Just recently, I seem to have spent a lot of time naming or renaming products or companies. Not that I can tell you much about it though, as it’s typically confidential, like much of my work.

But I can give you the method that is at the heart of all my naming assignments: The 9 Ways of Naming.

It is a method that I developed with my former co-director Clem Wigley during the ten years that we ran our ad agency. Branding and advertising were what we known for, so naming just became a natural add-on that we had to get to grips with. Hence the 9 Ways.

Many business owners find themselves having to think of a name for a new venture, idea or company and some longstanding organisations realise that their name is holding them back.

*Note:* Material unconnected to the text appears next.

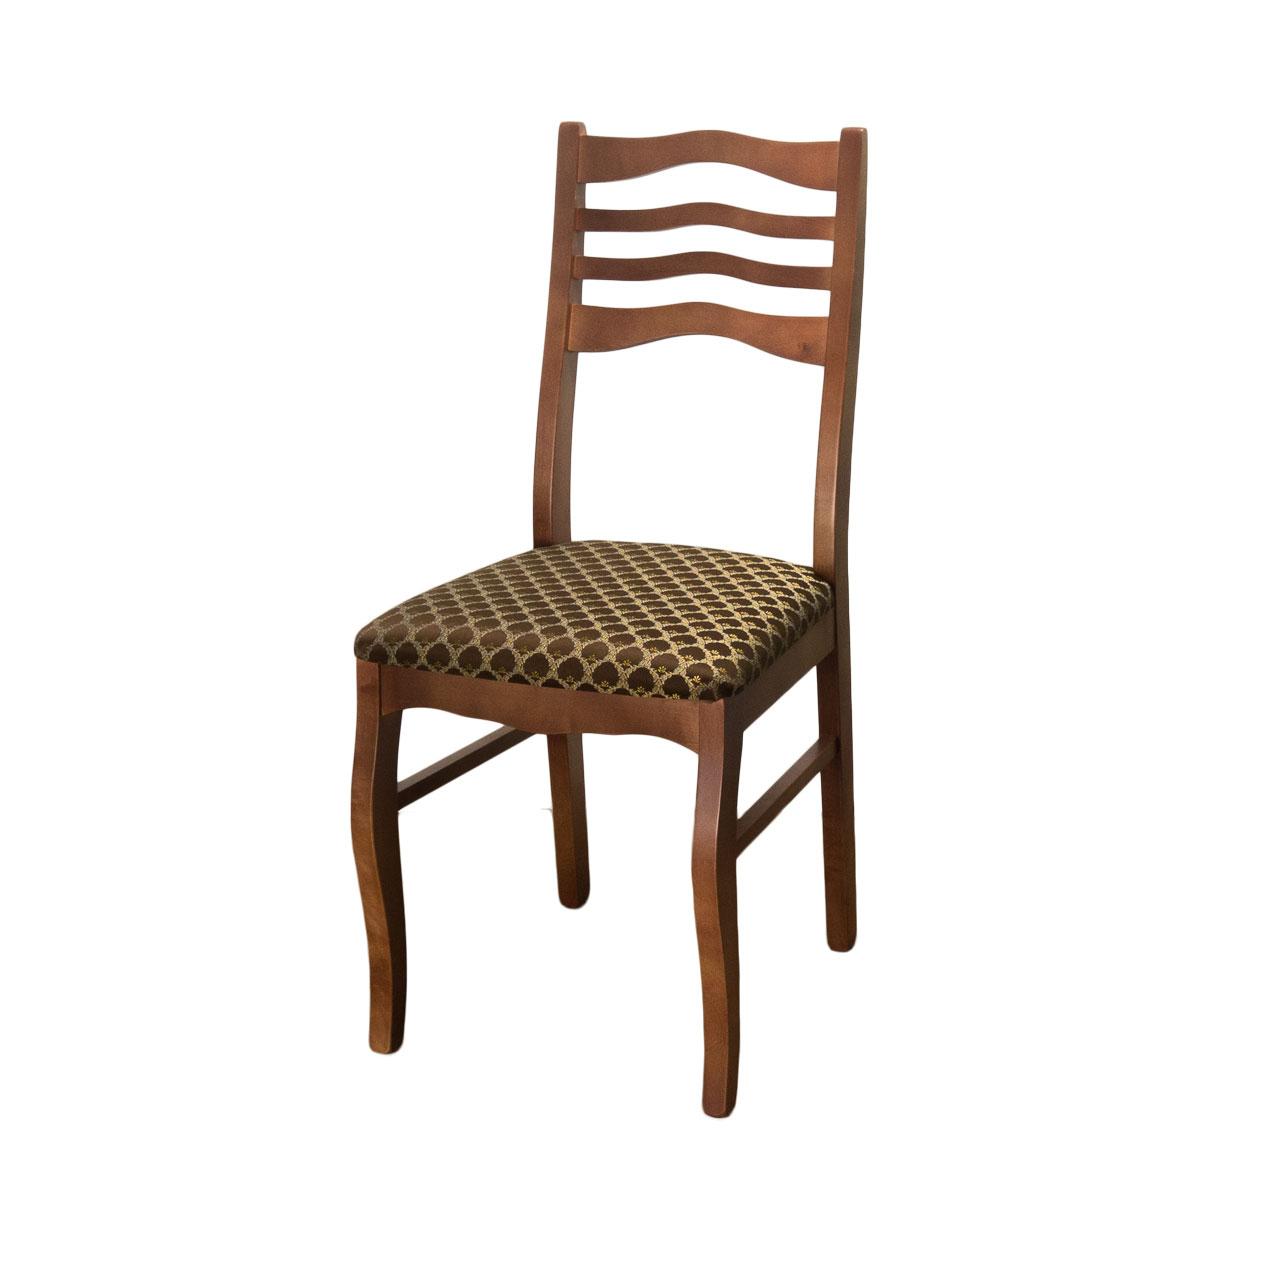 стулья из массива дерева фото жил, зная

If you are one of these, you may find the following methodology useful. The 9 Ways of Naming will certainly give you a good start. For a more robust approach I typically create a series of workshops & videos to engage with potential audiences and elicit their help in choosing a name. But that’s another story.

For now, just take a look at the 9 Ways of Naming.

  1. Proper nouns (names of people or places)
    BARNARDOS (from Dr. Barnardo)
    Numerous Law firms
  2. Descriptives (describing what you do)
  3. Metaphors (comparing the qualities to a well-known entity)
    ACORN Recruitment (developing potential)
    JAGUAR cars (sleek, fast)
  4. Found Names (these are randomly chosen names with no direct connection to the product)
    (although frequently made up later!)
    GALAXY chocolate
  5. Acronyms (the first letters of key words)
  6. Stick-togethers (where two or more words or abbreviations are stuck together to make a new word)
    NYLON (New York and London)
    MITEL Telecom (Mike and Terry)
    TENOVUS (“ten of us”)
  7. Soundalikes (using a sound associated with a product to name it. Not a common way of naming but very effective)
    KODAK (supposedly the sound of the shutter opening and shutting)
  8. Translations (common ones are (in Wales) are Welsh and also Greek or Latin)
    DWR CYMRU (Welsh Water)
    NIKE (The Greek, winged goddess of victory)
  9. Story Names (names that have a story connected with the company)
    VIRGIN (Richard Branson described himself as “business virgin”)
    AMAZON (Their logo represents the “A to Z” of books – their original product and the comparison to the river eludes to size, so it could be in the metaphor category, too)

Hope you enjoyed the blog.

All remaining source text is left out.